Self-funders and Social Care: from bystanders to core participants?
The presence of self-funders shapes and re-shapes the social care market in ways which have a profound impact and must be seen as integral to the operation of adult social care.
The presence of self-funders shapes and re-shapes the social care market in ways which have a profound impact and must be seen as integral to the operation of adult social care.
By Melanie Henwood who is an independent research consultant, and an Associate of the Health Services Management Centre, University of Birmingham.

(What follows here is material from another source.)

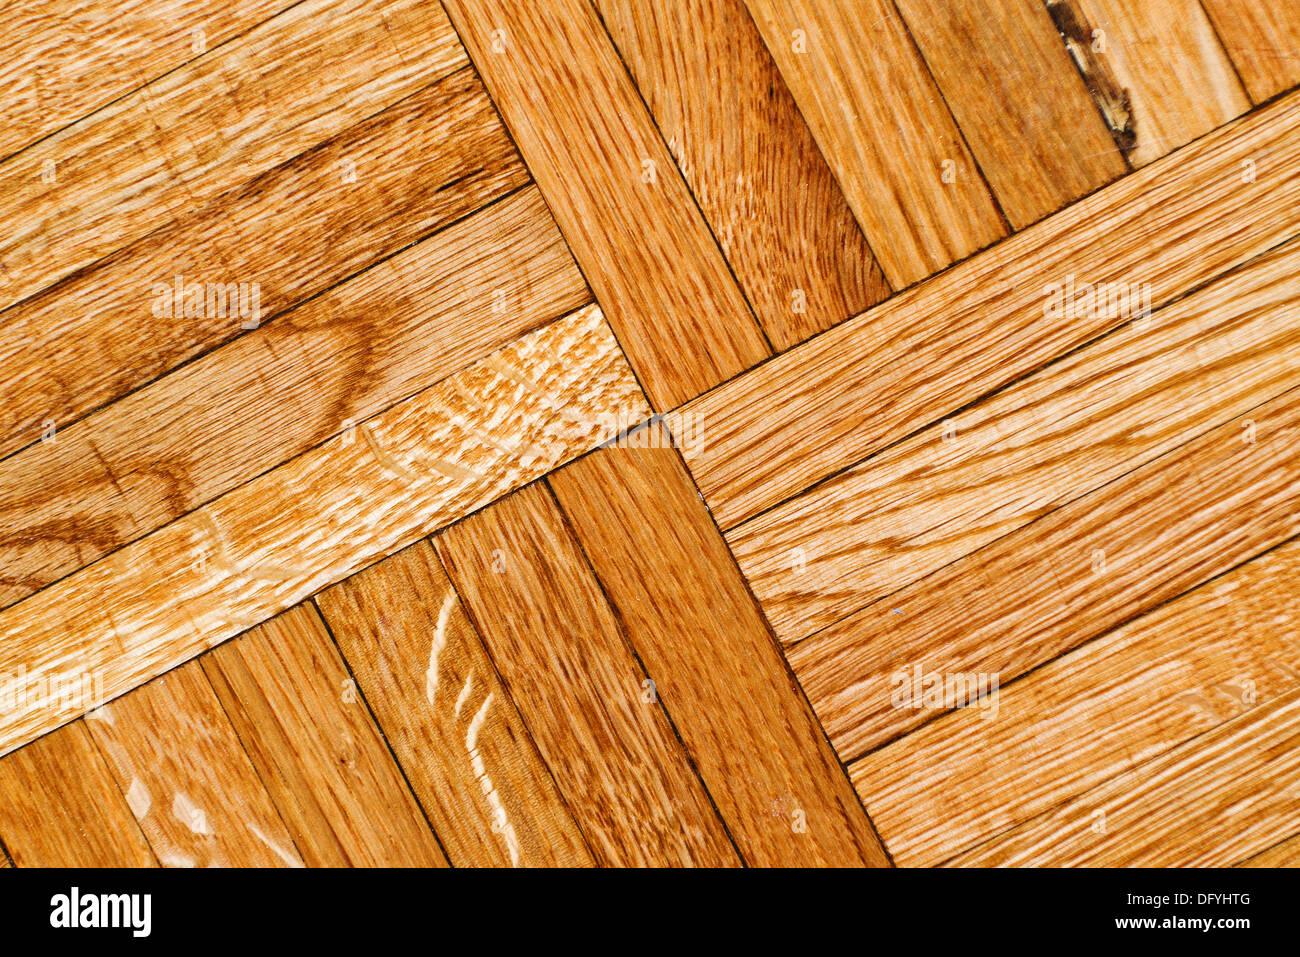 Oak parquet texture, home interior background image. - Stock Image

As the dust settles on the NHS Ten Year Plan, social care continues to await the Green Paper that will start to address the limitations in its funding and delivery. The lack of apparent coherence in failing to publish the two plans simultaneously and to demonstrate integration of vision has been the focus of some criticism. The crisis of funding in adult social care has two main (and inter-related) dimensions. On the one hand is the inadequacy of the size of the overall pot of public money dedicated to care, and on the other is the division of financial responsibilities between the public purse and people who pay for their own care and support (‘self-funders’). The long-term funding of social care has been a major policy challenge for successive governments over many years, and whether the much delayed social care Green Paper will offer a lasting and secure settlement will be the focus of much debate.
For local councils (who arrange publicly-funded care), how social care is funded and whether there is to be a new social contract between individuals and the state are major questions which impact on their understanding and capacity to shape the care market. Many of the commitments in the Care Act 2014 around delivering more person-centred support and ensuring that self-funders are treated as important participants in the care process have been frustrated by the delayed implementation of the Act. However, understanding the nature of the self-funder population is vital as this has a major impact on local care markets – potentially ensuring the viability of providers, but also risking major destabilisation if self-funders don’t continue to subsidise publicly-funded care places.
An interim report informed by Department Of Health and Social Care-funded research projects brings together the latest quantitative data and analysis of estimated numbers of self-funders, together with reflections from a review of literature examining how local authorities are meeting their responsibilities to self-funders.
One of the key characteristics of self-funders is their relative invisibility compared to people who use publicly-funded care services. Some of them may be known to the local authority, but many do not approach the local authority and remain invisible. Our new analysis of recent data suggests a much higher proportion of people are self-funding than previously estimated. Information has been derived from the UK Household Longitudinal Survey (UKHLS) showing 350,000 self-funders (of care home places and home care) in England. The figures also suggest that approximately one and a half times as many older people are paying for care at home as are paying for residential care.
Alongside the quantitative data, our review explored the literature against a map of hypotheses about the way the Care Act should operate (its ‘theory of change). Much of this literature highlights constraints on local authorities’ capacity to support people to make effective care choices. It explores the multiple challenges and obstacles to the transformational approach set out in the Care Act, and the inherent contradictions and tensions in the role and responsibilities of local authorities in implementing the Act.
A key test for the implementation of the Care Act is whether future evaluation will indicate that the experience of self-funders is qualitatively different and better than before the Act. How this can be judged, and the specific questions that need to be asked, should be significantly informed by this review and its consideration of the theory of change implicit in the Care Act. From a research perspective, locating the situation of self-funders within the wider context of the logic and limitations of the care market has advanced our understanding of self-funders and their experience. Of wider relevance, it is obvious that the presence of self-funders shapes and re-shapes the social care market in ways which have a profound impact. They can no longer be seen as incidental to the operation of adult social care, but as integral to it.
This blog is based on independent research commissioned and funded by the NIHR Policy Research Programme. It draws on research undertaken for two projects: PR-R14-1215- 21004 Shifting-Shapes: How can local care markets support quality and choice for all? and PR-ST-1116-10001 Shaping Personalised Outcomes - how is the Care Act promoting the personalisation of care and support? The views expressed in this blog are those of the author and not necessarily those of the NHS, the NIHR, the Department of Health and Social Care, or its arm’s length bodies or other government departments.